Molti attivisti per i diritti umani e osservatori internazionali hanno denunciato la campagna antidroga di Duterte come un attacco sistematico contro i più vulnerabili, con un impatto sproporzionato sulle comunità povere. La Commissione nazionale per i diritti umani delle Filippine ha documentato numerosi casi di violazioni, evidenziando l’assenza di giustizia per le vittime e le loro famiglie.
L’arresto di Duterte ha suscitato reazioni contrastanti. Mentre alcuni leader mondiali e organizzazioni per i diritti umani hanno accolto con favore il passo della CPI, ritenendolo un segnale importante per la giustizia internazionale, altri hanno espresso preoccupazione per le possibili ripercussioni politiche e sociali nel Paese. Il governo filippino ha inizialmente minimizzato l’importanza delle accuse, sostenendo che si trattasse di un’interferenza nei propri affari interni.
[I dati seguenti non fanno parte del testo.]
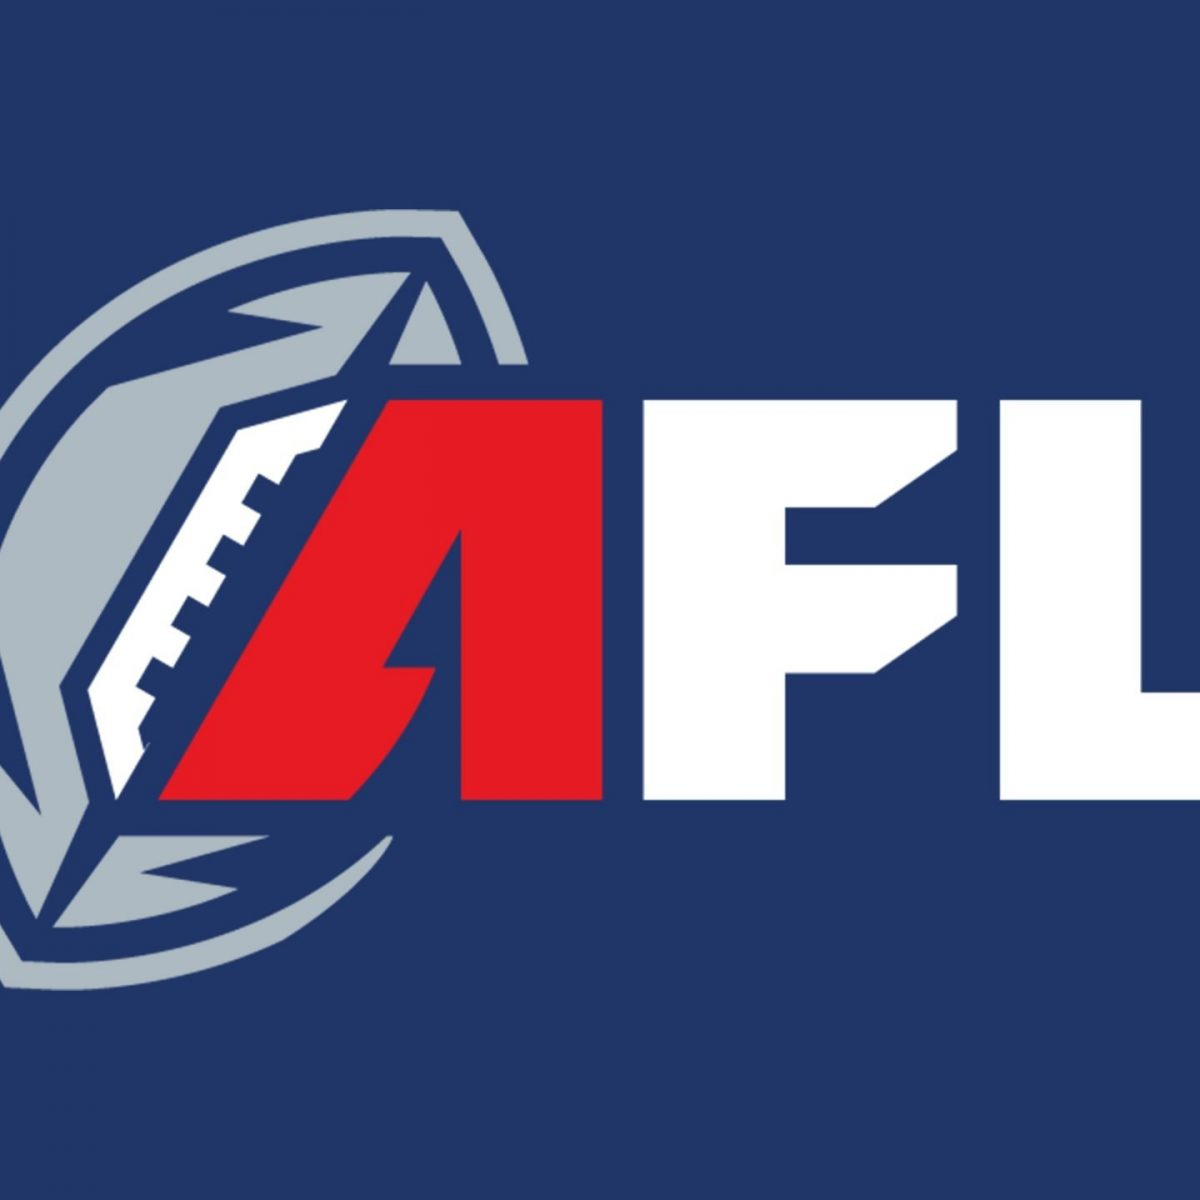 arena-football-logo

Duterte, noto per il suo linguaggio provocatorio, ha continuato a difendere le sue politiche e ha attaccato la CPI, definendo gli investigatori “figli di p…”, mentre affermava di essere pronto ad affrontare le conseguenze delle sue azioni. Questo atteggiamento ha alimentato un clima di polarizzazione politica nelle Filippine, dove Duterte continua a godere di un considerevole supporto popolare.
Il processo legale che coinvolge Duterte potrebbe avere conseguenze significative per il futuro politico del Paese. Se le prove raccolte dalla CPI si rivelassero sufficienti, l’ex presidente potrebbe affrontare accuse formali di crimini contro l’umanità, con potenziali ripercussioni anche per i funzionari governativi e le forze di polizia coinvolte nelle operazioni di polizia. Tuttavia, il sistema giuridico filippino presenta sfide significative, con una storia di impunità per le violazioni dei diritti umani.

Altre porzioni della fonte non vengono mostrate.